Recently, Optimal Tech Corporation was one of 76 companies to receive funding from the Google for Startups Black Founders Fund, a program granting non-dilutive cash awards to Black founders across the country to fuel promising, growth-stage businesses.

Currently, Optimal works with hoteliers, installing a suite of solar panels and internet-of-things systems to gather vasts amounts of data. Optimal then deploys AI and machine learning technologies to identify efficiencies and inefficiencies, working with facilities to implement fixes that lower energy costs.

Optimal's tech can also help operators track and monitor the performance of a variety of equipment, such as when HVAC filters need to be changed or when microwaves must be replaced. Parker says that the addition of solar panels coupled with the autonomous tracking of appliances can help lower utility costs for client up to 70 percent.

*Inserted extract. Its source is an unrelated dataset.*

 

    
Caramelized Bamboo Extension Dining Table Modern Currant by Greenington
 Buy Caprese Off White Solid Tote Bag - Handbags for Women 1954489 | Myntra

Parker, who received a degree in engineering from MIT, also earned a Ph.D in engineering from Georgia Tech, in addition to an MBA from Florida State.

Following his studies, Parker engaged in a number of entrepreneurial endeavors, including developing the first African American utility-scale solar farm in the United States.

While working for that company, 510nano, Parker came up with the idea for Optimal after encouragement from colleagues. He developed the charts and concepts in his free time and applied for the Google Black Founders Exchange, an initiative from the search giant that helps founders with highly scalable models develop their MVP and attract funding. In 2018, Parker won the program's Demo Day.

Throughout his experience as an entrepreneur, Parker said the hardest part was usually securing seed funding to help get his ideas off the ground. In the funding world, people of color and women do not get the same levels of support that straight white men tend to get, he said.

“They tend to get a larger number of dollars for the same concept due to inherent biases in the field,” Parker added.

However, Parker has seen some progress in recent years.

“Now the playing field is a lot more level,” he said. “The more people that are funded, the more economic development there will be throughout the country.”

As for Optimal, which has four full time employees an 3 contractors, Parker predicts that it will be profitable in 2021.

In the future, Parker hopes to save at least one job annually, reduce over 680 tons of Co2 and produce indirect jobs as well. Optimal also wants to expand to assisted living facilities and apartment buildings.

“Not only do we want to do well, we want to do good,” Parker said.